In defending Claps, attorney Thomas Breen argued that the deputies could have been mistaken about what object Claps dropped in front of them. Breen argued during the trial, “We know full-well that something can look like and appear to be a gun and not, in fact, be a firearm … There are replicas out there. There are cap guns out there. There are water pistols out there. There are BB guns out there that might look like a firearm.”
In finding Claps not guilty, Burmila ruled that the State failed to sufficiently prove that the weapon in the video was indeed a firearm. He said he was convinced that if the object was a gun, the deputies would have responded with more alarm.
The ruling, said Van Cleve, author of Crook County: Racism and Injustice in America’s Largest Criminal Court, “does not mean it wasn’t a gun.” All it means, she said, is that “they gave Judge Claps special privileges.”

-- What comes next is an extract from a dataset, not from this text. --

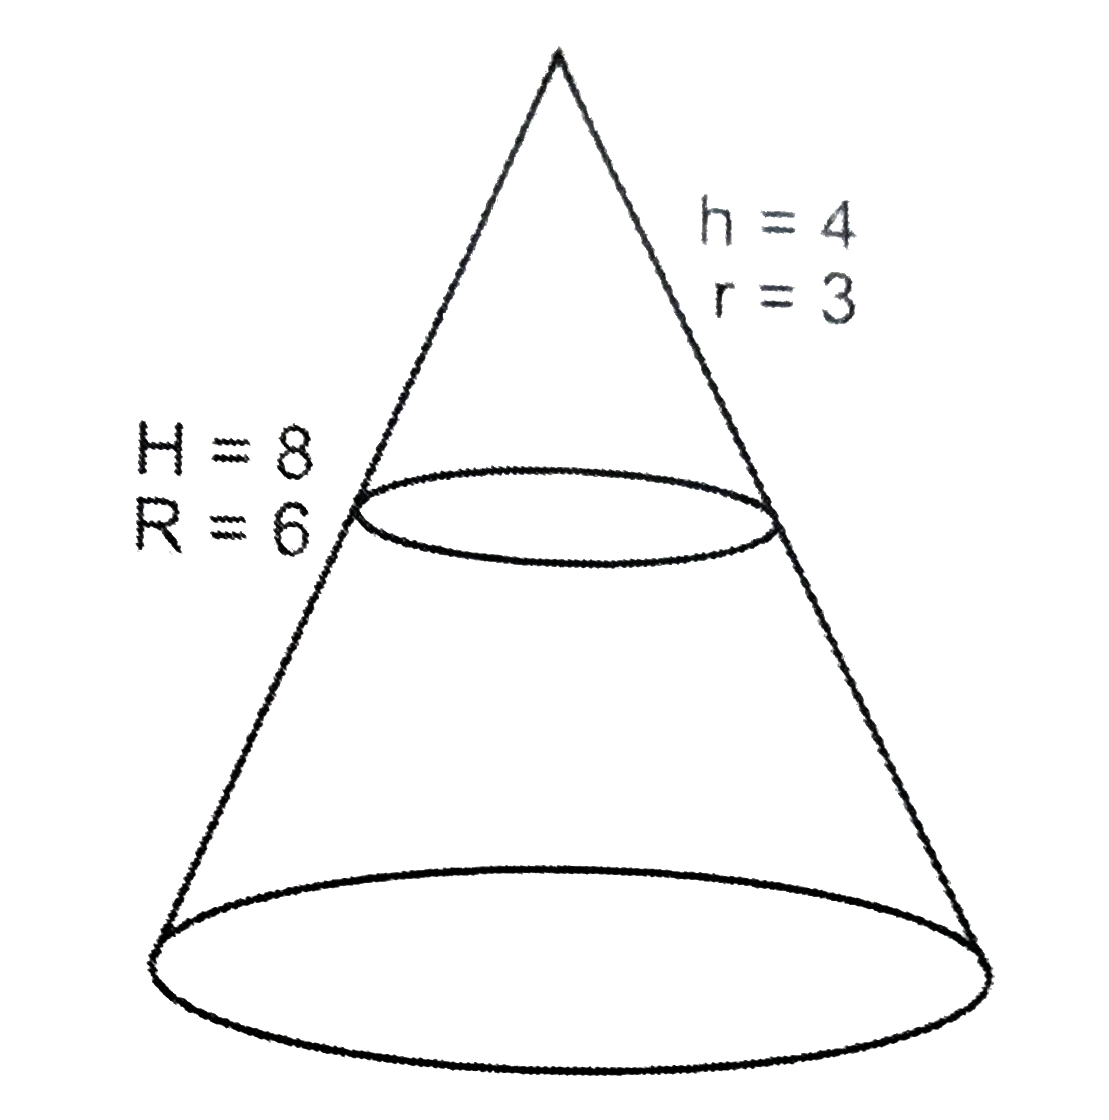 A right circular cone, with radius and height  8 and 6 respectively , is cut parallel at the middle of the height to get a smaller cone and a frustum. By what percentage, to the nearest integer, is the combined total surface area of the smaller cone less than of the frustum?
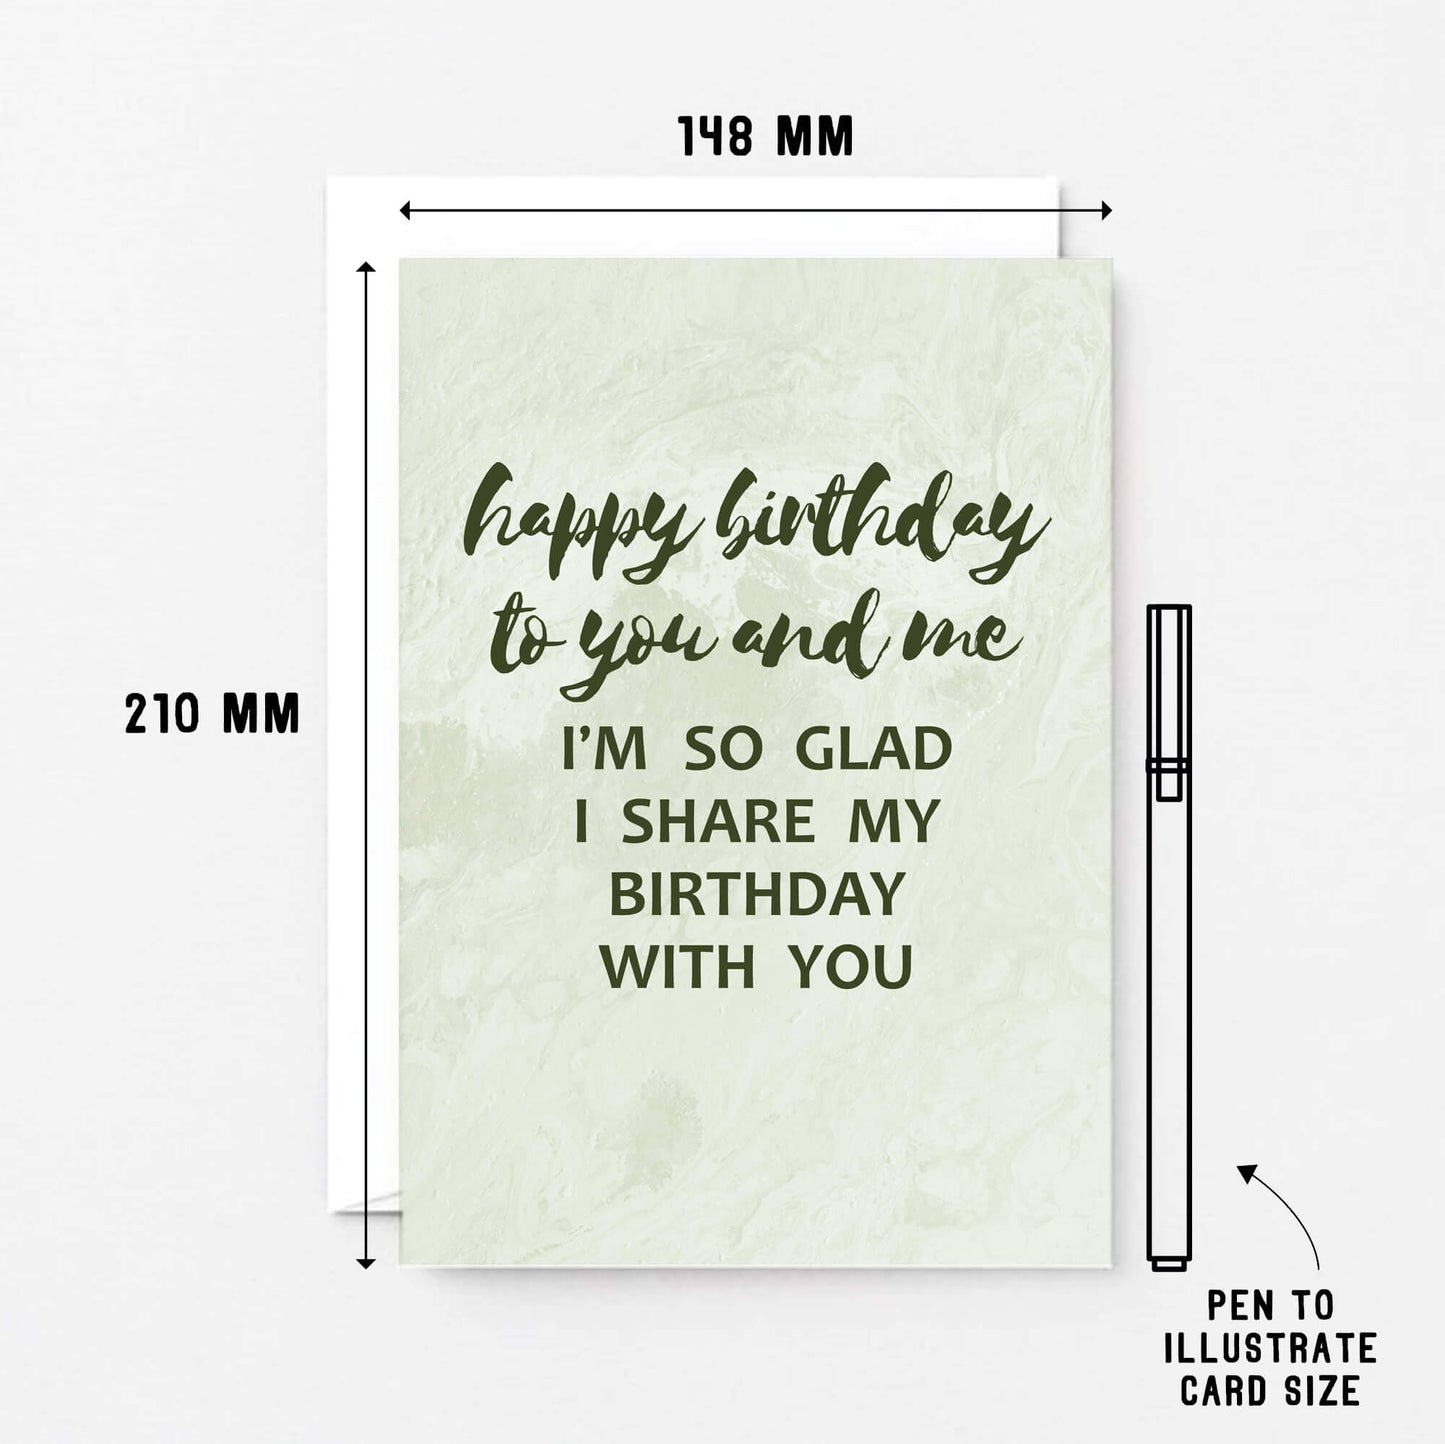 Birthday Card by SixElevenCreations. Reads Happy birthday to you and me. I'm so glad I share my birthday with you. Product Code SE3013A5

The Injustice Watch review identified a series cases that appeared to stand in contrast:
In November 2017 the Illinois Appellate Court affirmed Keleen Bishop’s conviction for a 2012 break-in at a home on the South Side after a victim testified saying he saw Bishop with what looked like a .22 caliber firearm during the crime but could have possibly been a toy. No weapon was ever admitted into evidence.
In the case of Dwayne Burke, an Illinois Appellate Court panel in 2016 upheld his conviction on armed robbery charges based on the testimony of the cashier at an Evergreen Park gas station who testified Burke had pulled a gun on her and demanded money. The cashier said the gun was “black” and that it “looked real to me.” Her testimony was corroborated by surveillance video that showed a black object in Burke’s hand as he committed the robbery. The court turned away Burke’s contention that it could have been a toy gun or BB gun, writing that “there is no evidence in the record to suggest that the gun was anything other than a real firearm” despite police never recovering a firearm.
In August the Illinois Appellate Court upheld the conviction of a minor identified as “Jose A.” of armed robbery and battery after the victim said he saw a silver gun in the respondent’s hand as he was being robbed in Wicker Park. Surveillance video appeared to support his account, although no firearm was ever admitted into evidence.
Van Cleve and others interviewed expressed concern that Claps received differential treatment from the moment the gun was dropped in the lobby. “If this was any other person, he would’ve been tackled … it’s very clear in his status as an insider that he had special circumstances and special privileges.”
The sheriff’s office disputes that account, saying the deputies were not sure whether the law forbidding guns in the courthouse provided an exemption for judges. Spokeswoman Cara Smith said that “In every regard this is an unusual and unprecedented case and we think the deputies acted appropriately in bringing it to the supervisors immediately.”
Cook County Public Defender Amy Campanelli said that prosecutors at times agree not to pursue gun charges if no gun is produced. Campanelli said she hopes that the treatment afforded to Claps is the norm: “I hope the judges are fair to everyone that comes into the courtroom and just not [Claps] because he’s a judge.”
Van Cleve and others think otherwise, saying the case is especially troubling because of the appearance of special treatment.. “It doesn’t seem like they were in any way concerned with the appearance of justice in this case at all,” she said.
Rachel Kim, Mari Cohen, Abigail Blachman, and Abigail Bazin contributed research.